Thursday, July 21, 2016

Deep Learning, TensorFlow and Hedge Funds

Deep Learning is in these days. It really looks like late 19th century electricity gold rush deja vu, with industry, academia, as well as regular businesses all jumping in.
Some hedge funds are already heavyweight users of computer power and models ( systematic funds like Renaissance, Two Sigma etc. ).

The complexity and size of modern, globalized markets mandates usage of more advanced, automated data analysis methods. There are already indications ( visible if we observe how hedge funds fared  during Brexit turmoil, for example) that systematic funds stand better fighting chance in today's turbo markets.

The promise of Deep Learning is that critical mass of data and bigger neural networks ( more layers, more computing power ) mean qualitative change and that a new level of modeling accuracy is  achievable. General Deep Learning algorithms can be applied to domain specific use cases, relying primarily on massive amounts of data as the fuel for insights ( rather than the particular domain knowledge i.e. coming up with clever domain specific algorithms ).

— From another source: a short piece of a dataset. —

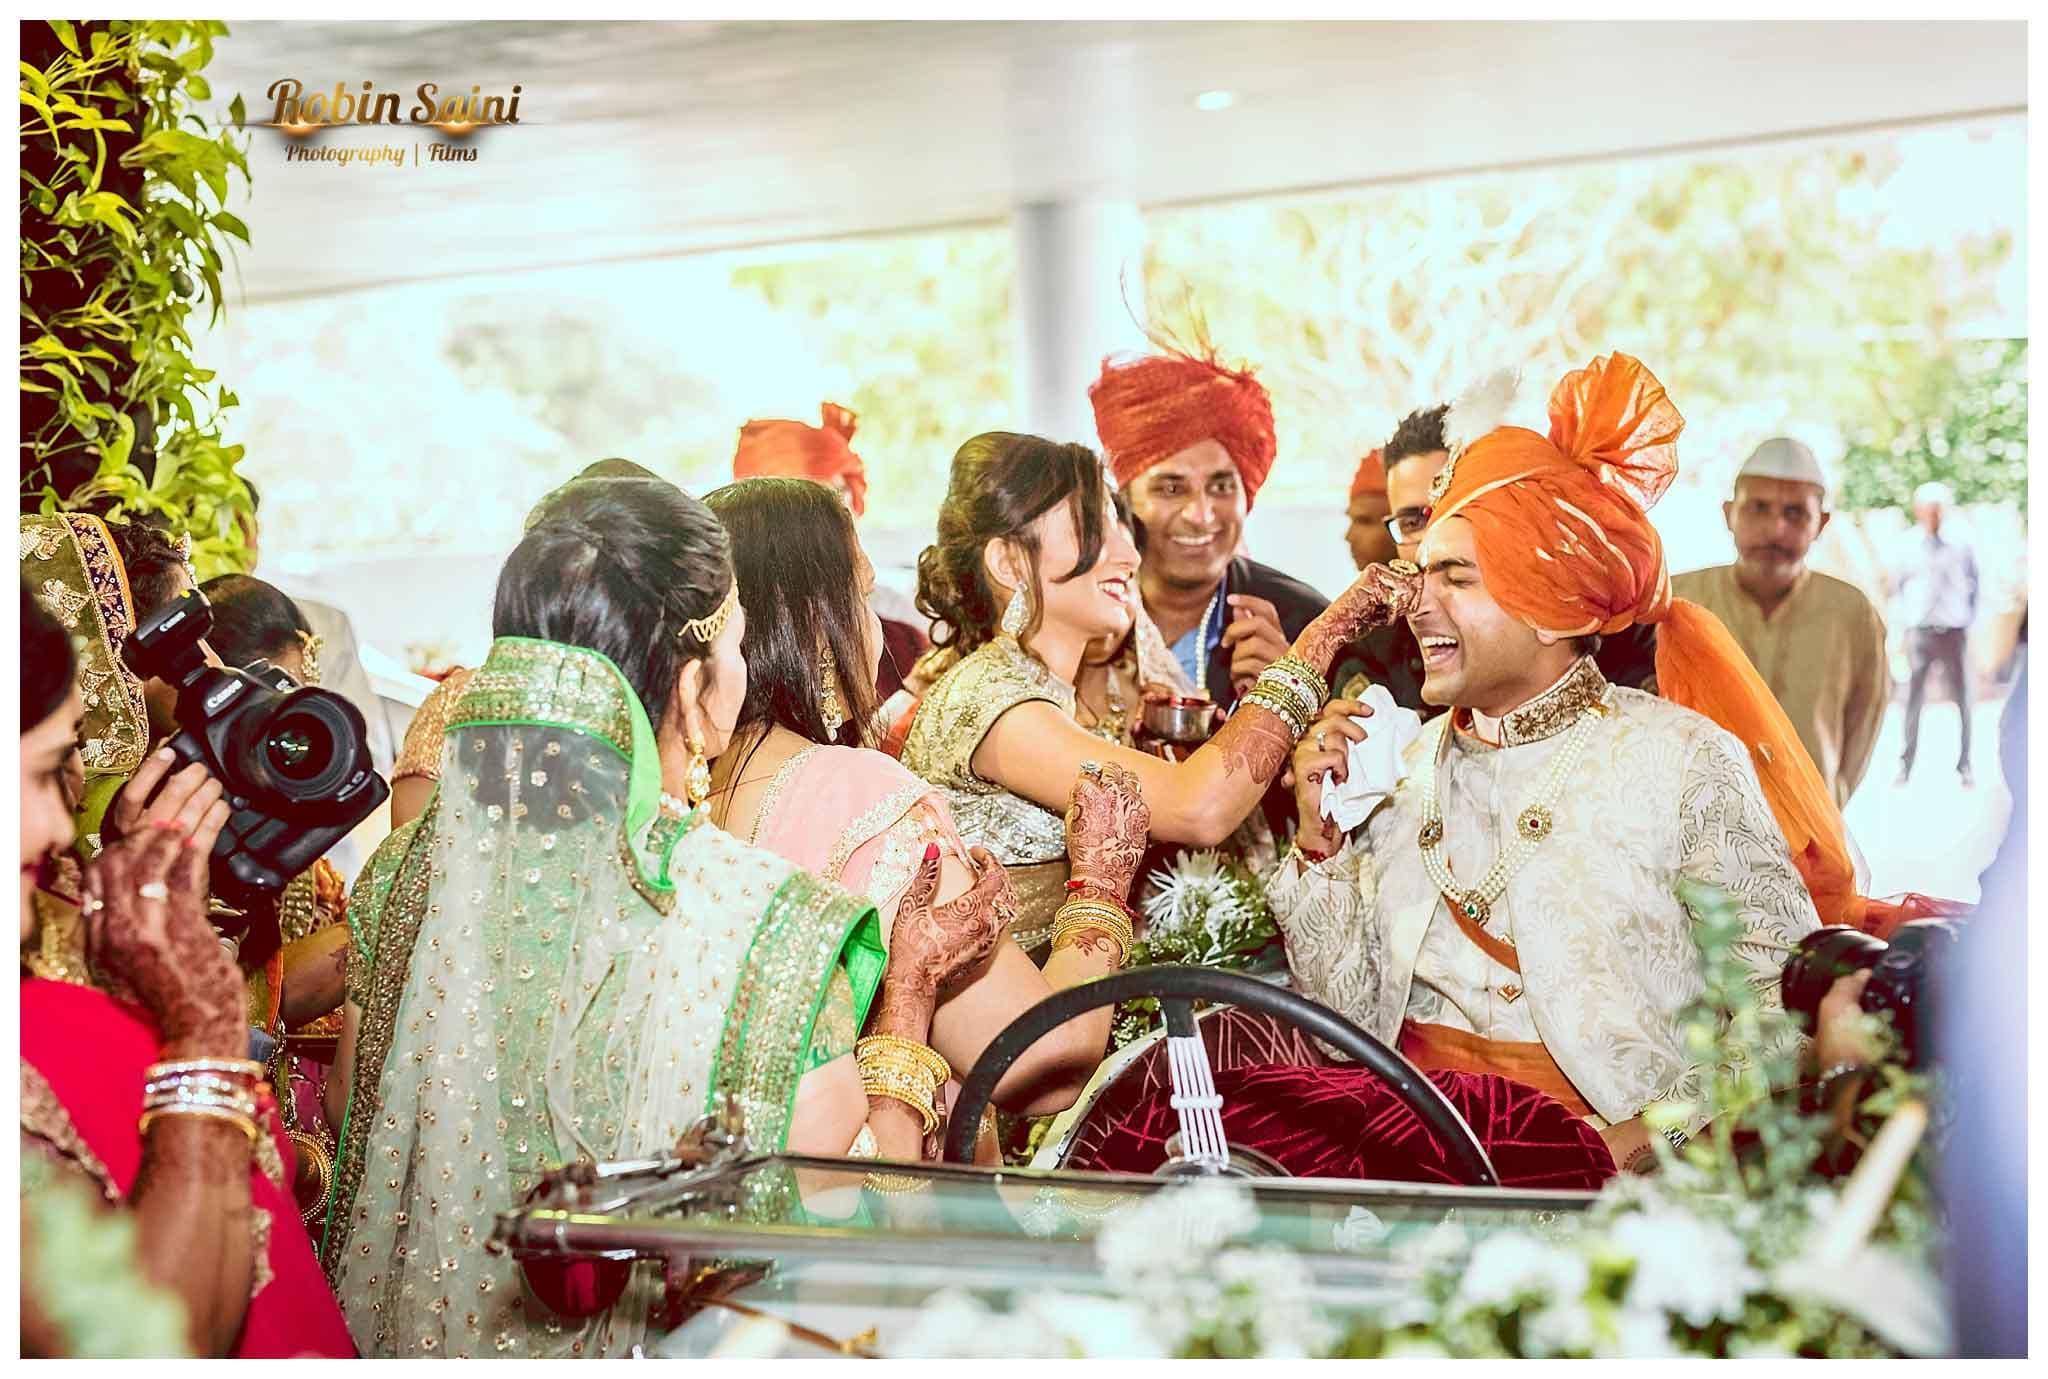 wedding rituals with groom:robin saini photography

Google's TensorFlow is recently open sourced library that runs on heterogeneous ( CPU, GPU, FPGA ), distributed platforms. It can be ( and already is ) used for financial markets modeling. If history is any guide, TensorFlow will ignite a whole new industry and many products will have it as architectural foundation.

TensorFlow makes it easy to perform complex analysis ( flexibly apply Deep Learning algorithms ) to multi dimensional data ( tensors ) and come up with relatively reliable predictions on where market will be based on earlier closed markets, for example. Naturally many other ideas and hypothesis can be tested ( models can be trained and executed-interferred) with great ease  - and that is probably one of the most important TensorFlow advantages.

Since hedge funds deal with publicly available data sets then cloud infrastructure ( AWS, Google Cloud ) can be utilized to essentially rent a supercomputer and perform massive calculations on the cheap. TensorFlow can light up such virtual supercomputer with just a few  lines of code.